I would eventually join him there and restart our friendship during my freshman year at UT. It was time again to learn from Harish – this time about the best tofu places on campus, and where to find the free t-shirts.

Yet, Harish again showed signs of a deeper problem. Just before winter break of my sophomore year, I called Harish to ask for a ride home for the holidays. He agreed, but fabricated stories about my roommate and caused drama that drove a rift in our friendship. When I rode with Harish to Dallas for the 2010 winter break, it would be one of the last days I spent quality time with him.

At the time, I didn’t know he was fighting with mental illness. He would be diagnosed years later. Since that car ride, I’ve thought often about reconnecting with Harish. Whenever I saw his mother in Dallas, I would ask if I could meet him again. But when she went home and asked Harish, his answer was always no.

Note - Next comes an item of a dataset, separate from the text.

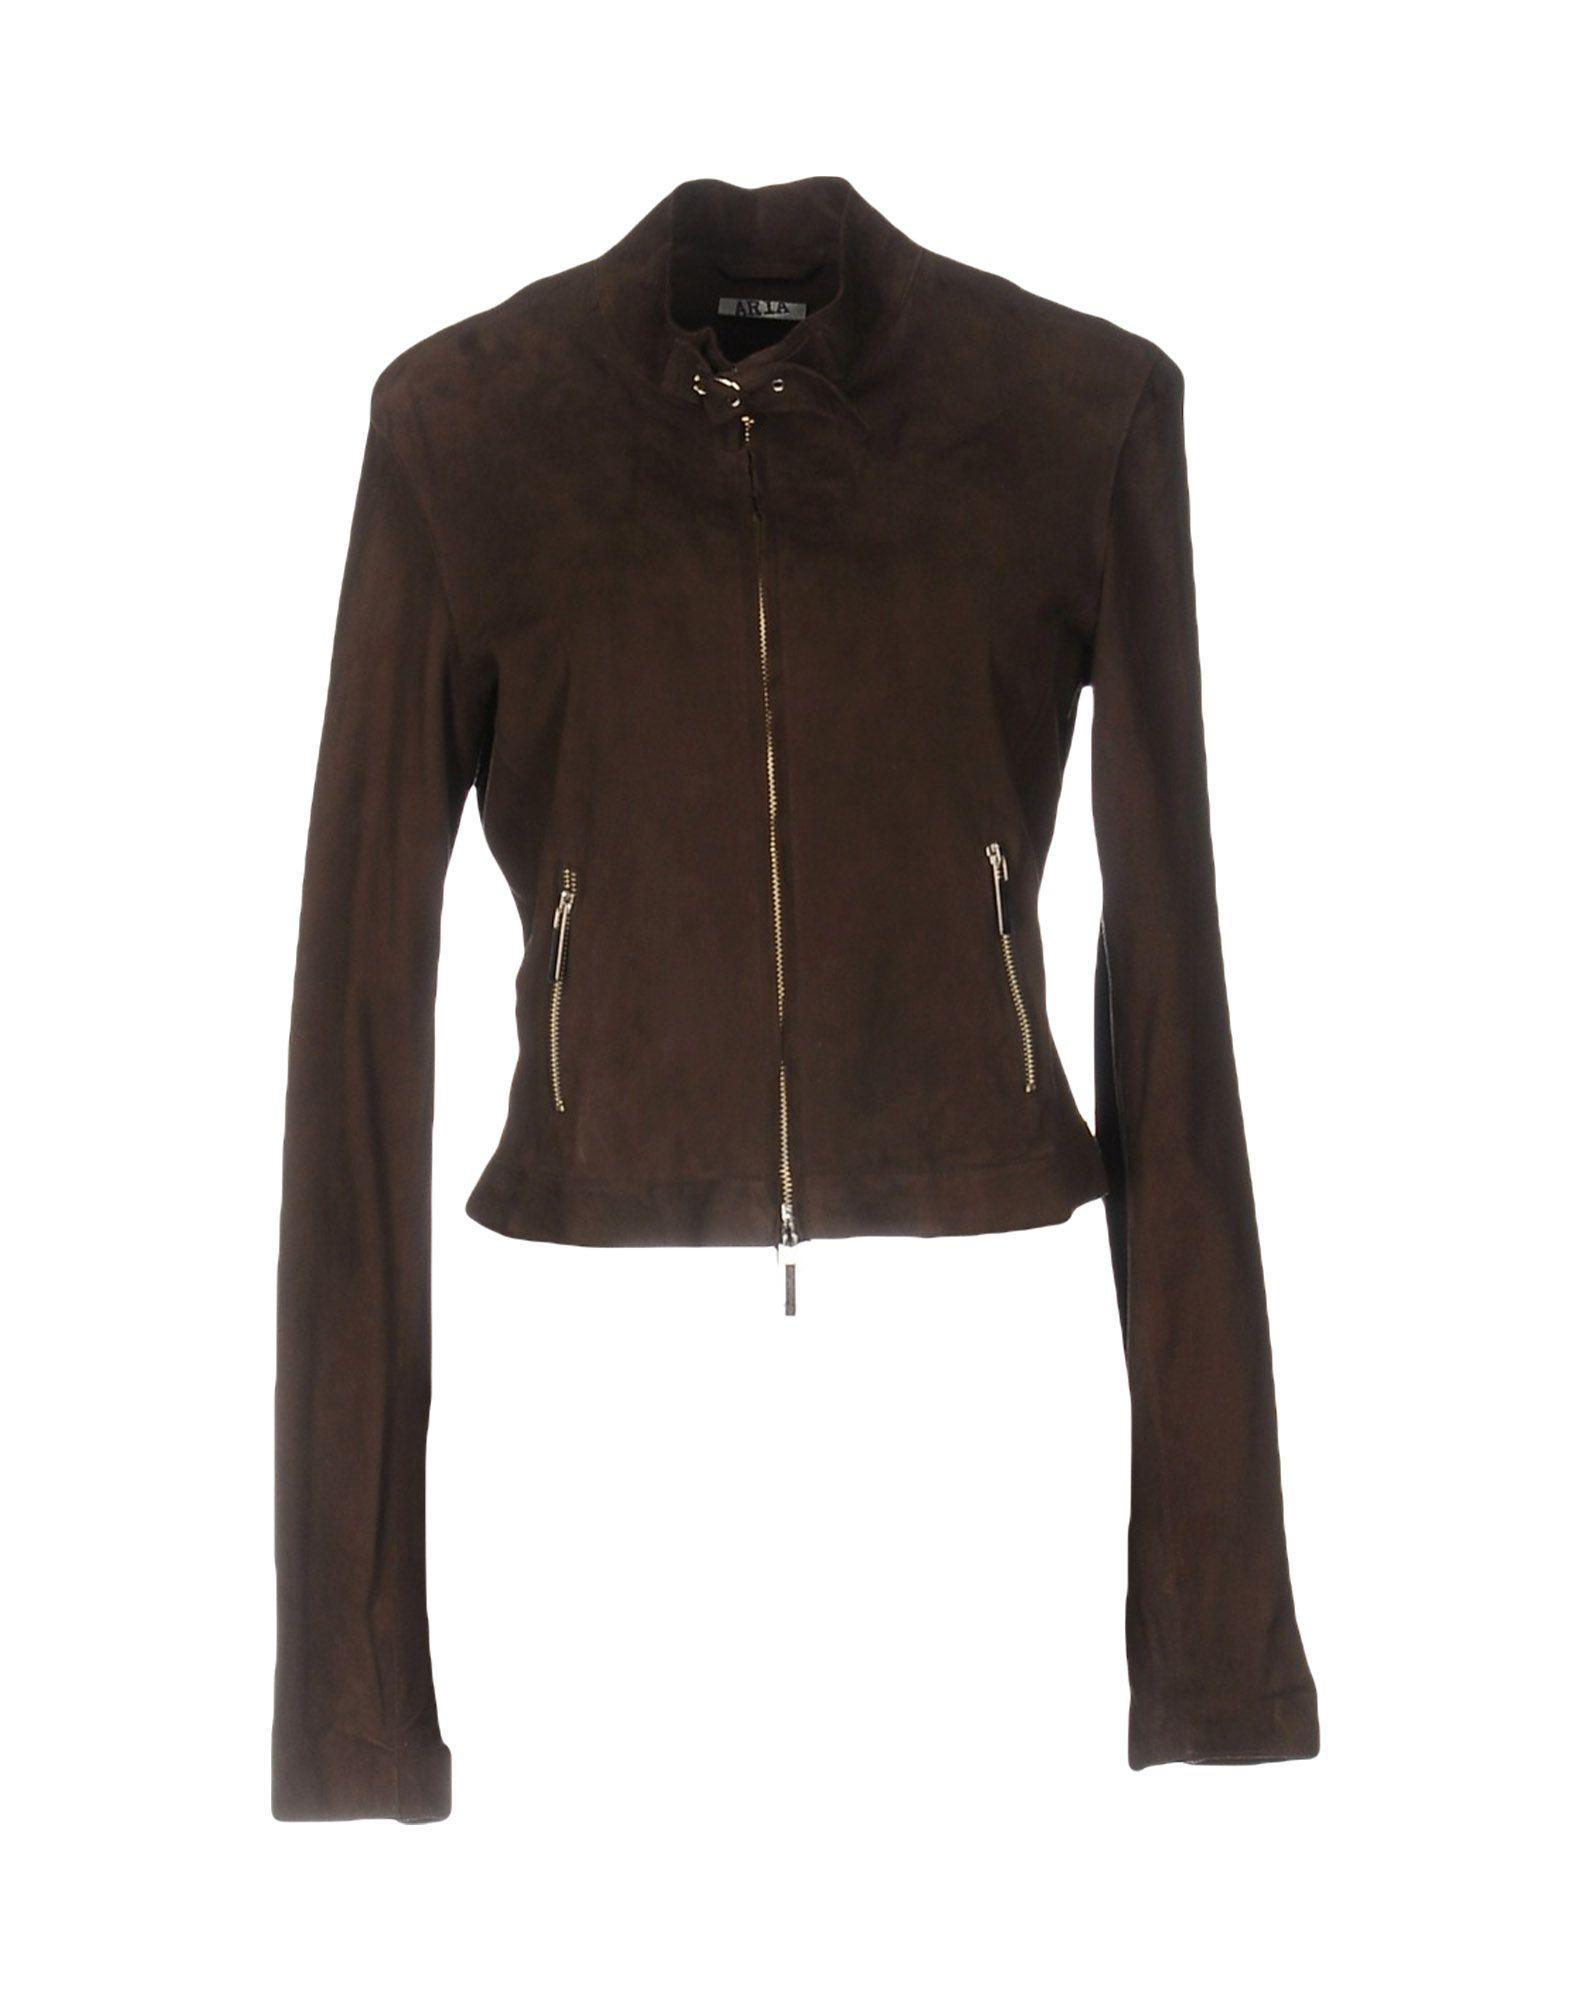 caractère aria куртка ARIA Куртка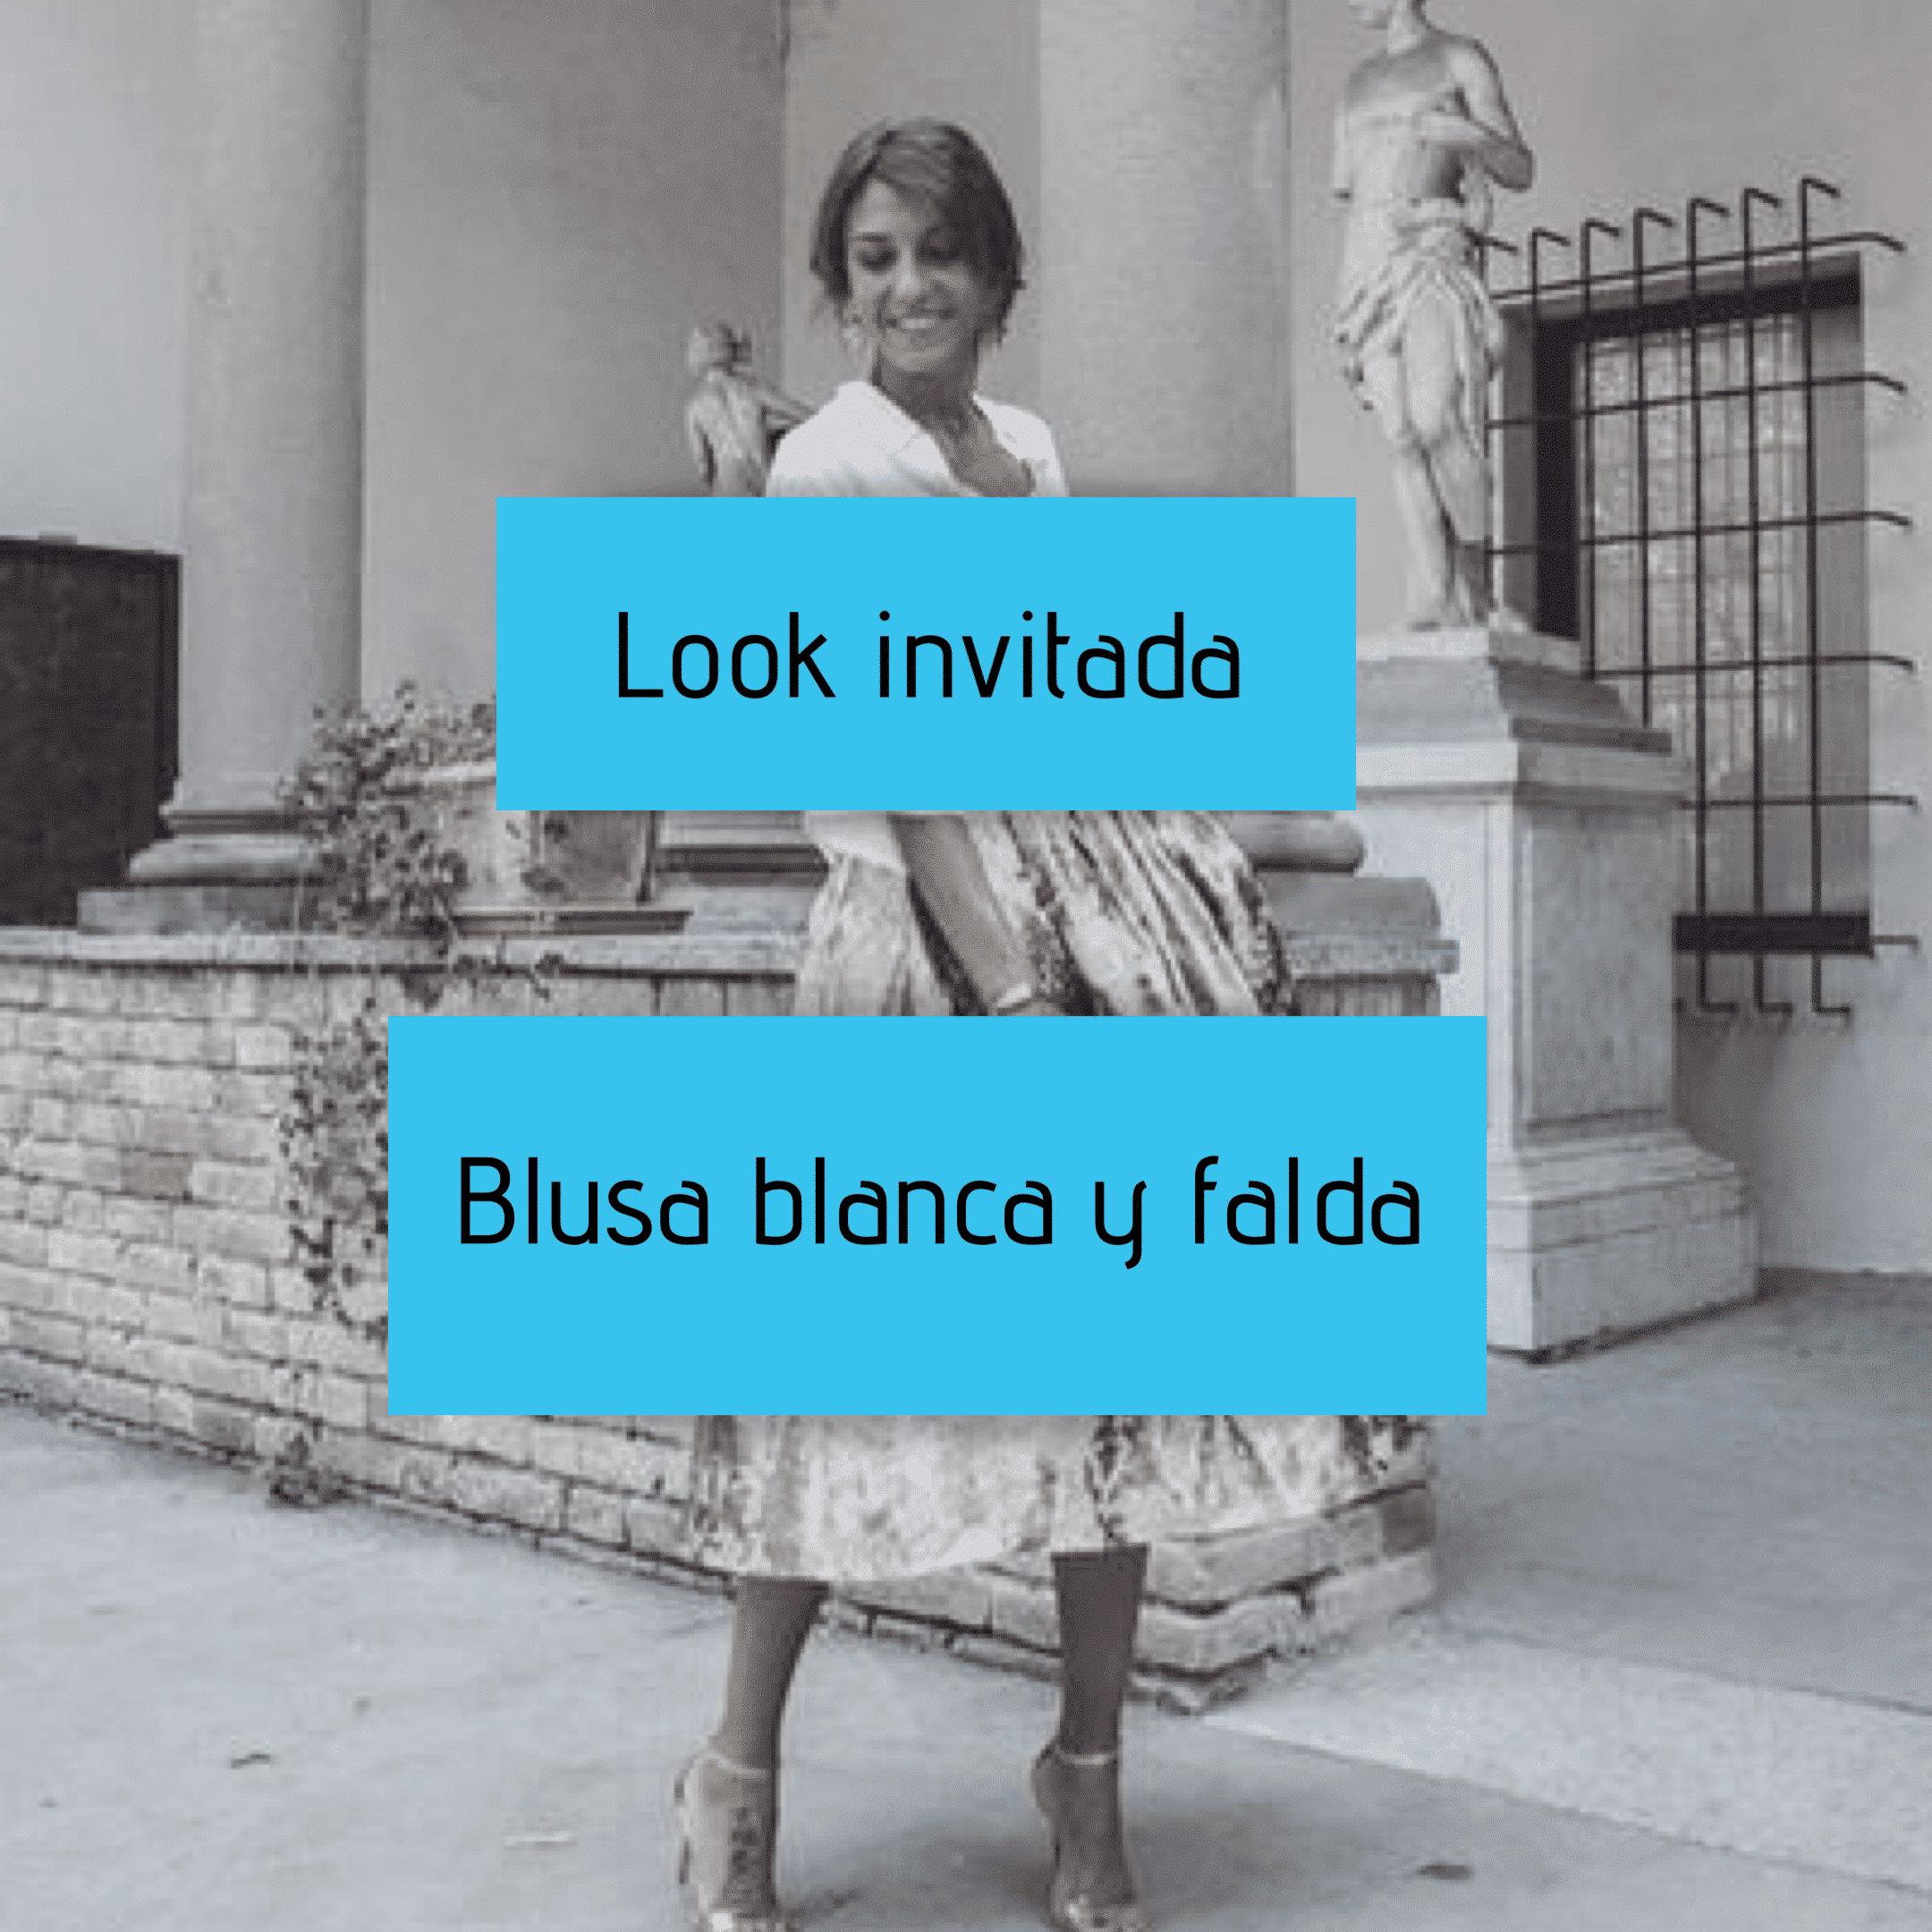 Look invitada- blusa blanca y falda

So, the days would pass by and I would move on in my life, graduating from UT Austin and starting my first job. Harish would end up moving out of his parents’ apartment, working intermittently, and finally moving to India for steady work earlier this year. It was in India that his life was taken on August 31st, but we learned of his death on September 7th. Just the night before, I had stayed up late catching up with my close friend about our times with Harish, and how we hoped to reconnect with him sometime soon.

I wonder what went through Harish’s head in the past few years. Maybe he had forgotten our times together, the laughs we shared and all that he had taught me. If that’s what his illness could do, then I hate it. I hate that Harish had to go through such an internal battle. I hate that he couldn’t be the jovial, brilliant kid I had always known. I hate that he died without being my friend again, without letting me share one more slice of pizza with him or lecturing me on his opinions about the latest internet craze.

So much of who I am today and the interests or passions that I have are a direct result of growing up with Harish. He taught me more than I can say about American culture, Indian families, and the world in general. In the coming years, I’ll be sure to remember him, the way he laughed and told stories and argued with his mom. I want to cherish the parents he left behind, and all the funny memories that still make me smile.

I hope that if you’re hearing this or reading this, you’ll remember your own best friends from childhood. Maybe you’ll recognize the impact they ‘ve had on you. And if you’re lucky enough to still be friends, I hope that you hug them a little tighter the next time.

Harish was my best friend. And he will always be my best friend. May he rest in peace.